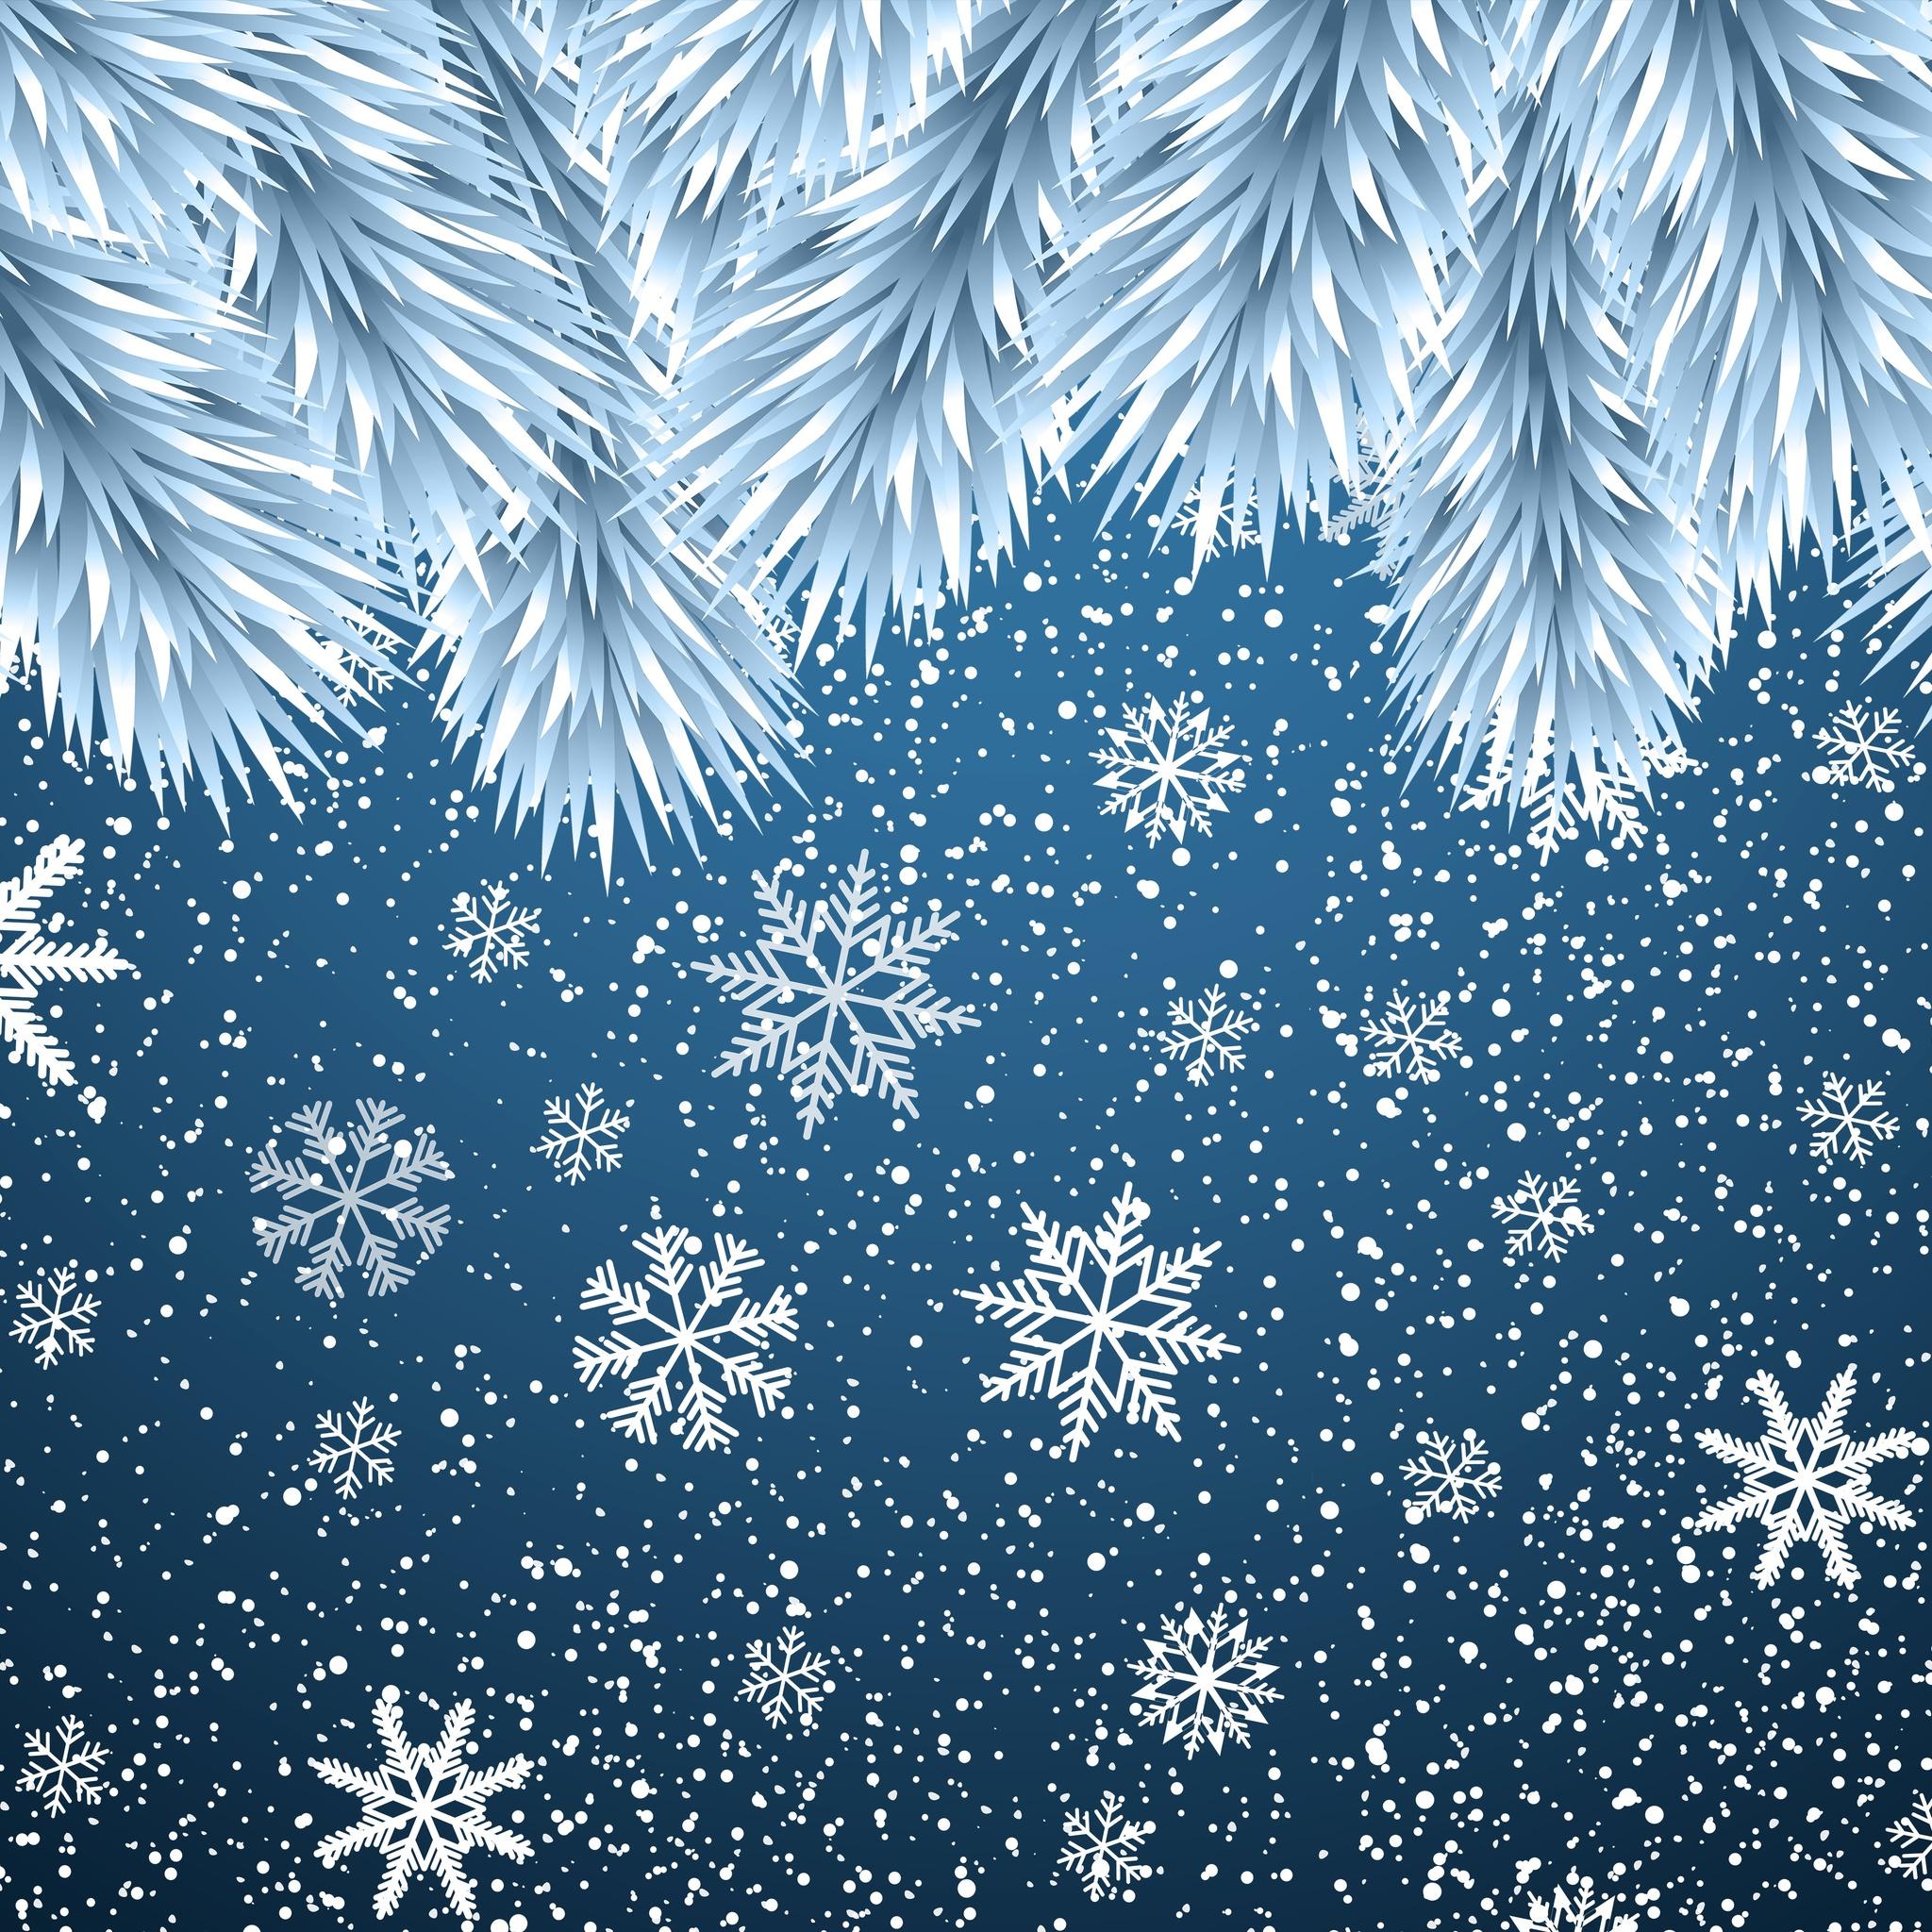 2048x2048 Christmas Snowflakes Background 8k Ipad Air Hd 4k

---

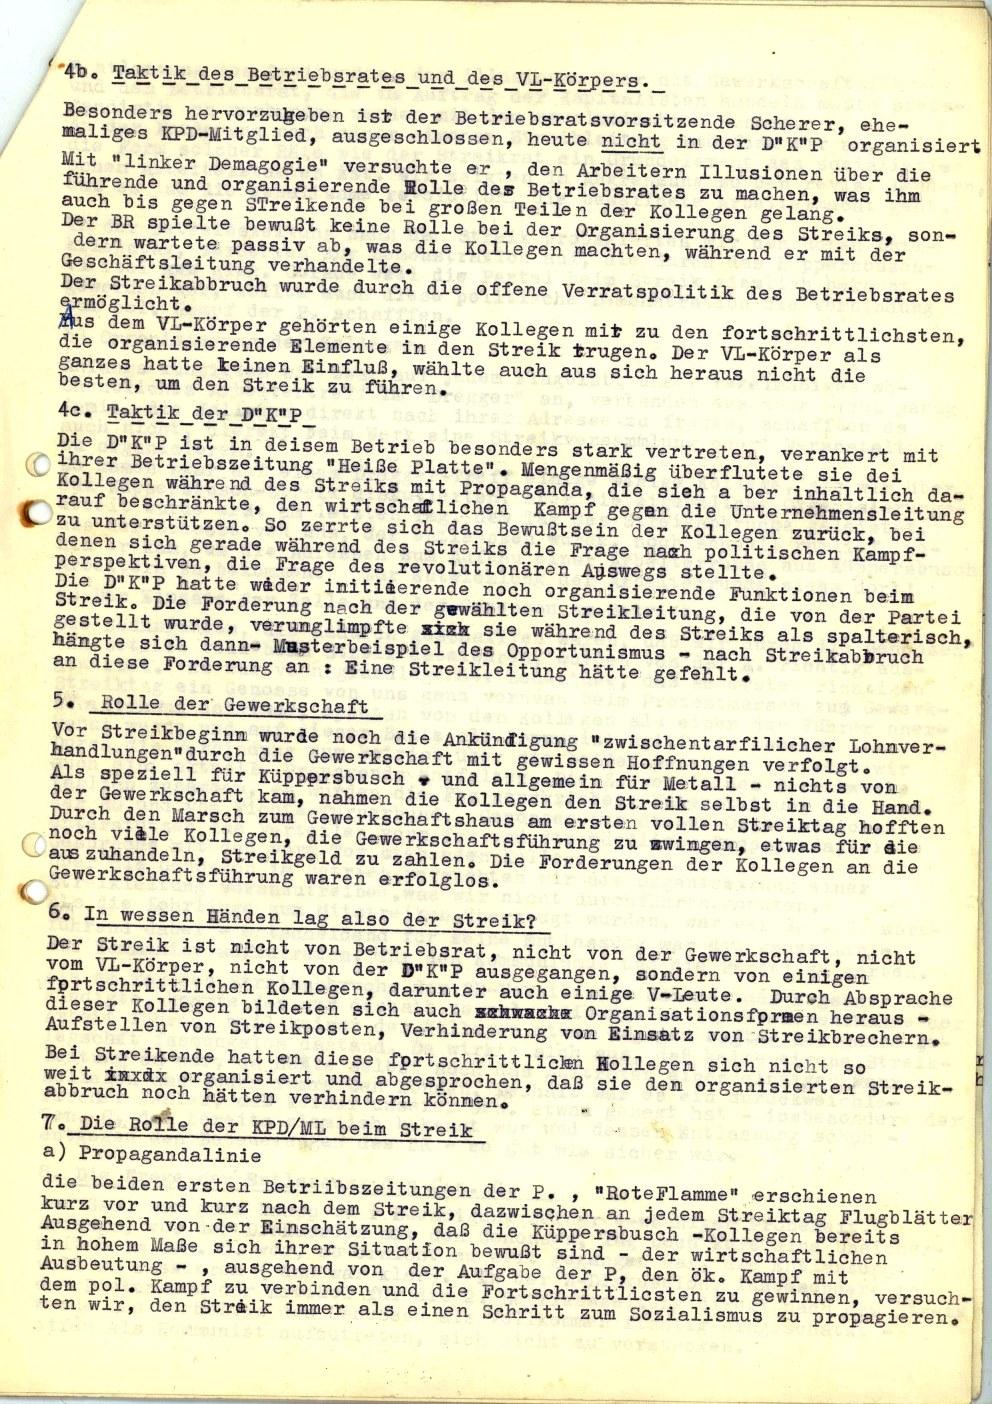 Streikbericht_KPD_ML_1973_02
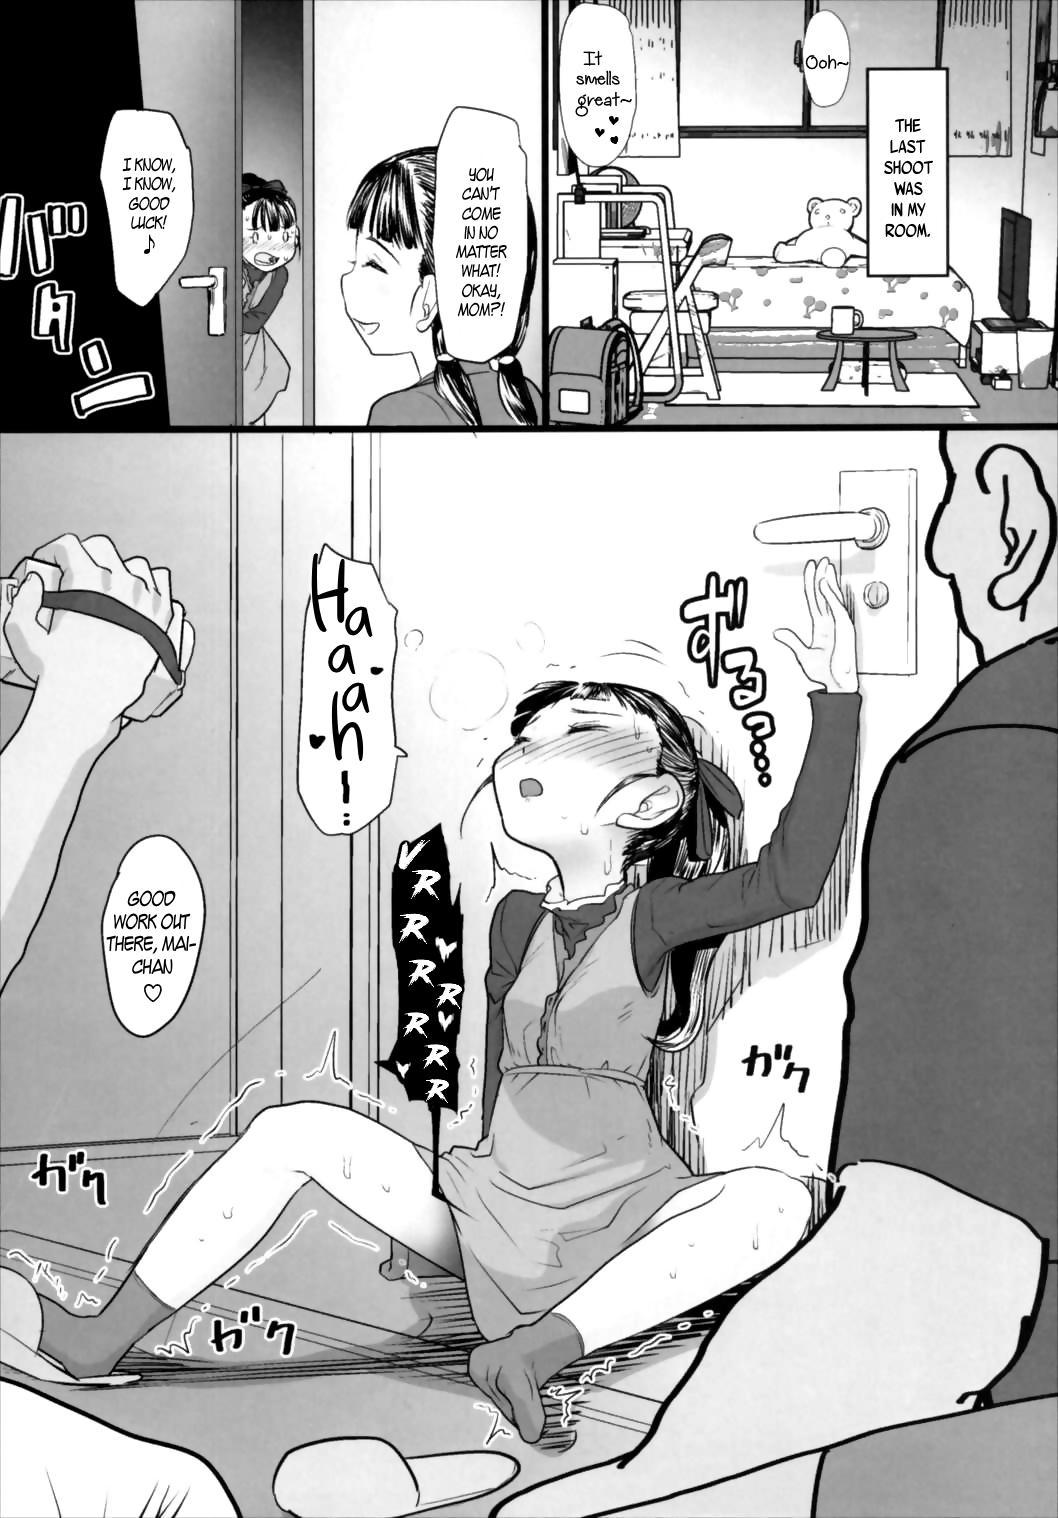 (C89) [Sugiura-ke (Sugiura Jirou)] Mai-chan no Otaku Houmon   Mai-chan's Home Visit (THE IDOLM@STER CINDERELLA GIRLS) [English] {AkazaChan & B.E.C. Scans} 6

Exercise objective
In the listing above, find the line with "Streikbericht_KPD_ML_1973_02" and the line with "(C89) [Sugiura-ke (Sugiura". Copy exactly those lines and all between them, minus the images.

Task response
 Streikbericht_KPD_ML_1973_02
 (C89) [Sugiura-ke (Sugiura Jirou)] Mai-chan no Otaku Houmon   Mai-chan's Home Visit (THE IDOLM@STER CINDERELLA GIRLS) [English] {AkazaChan & B.E.C. Scans} 6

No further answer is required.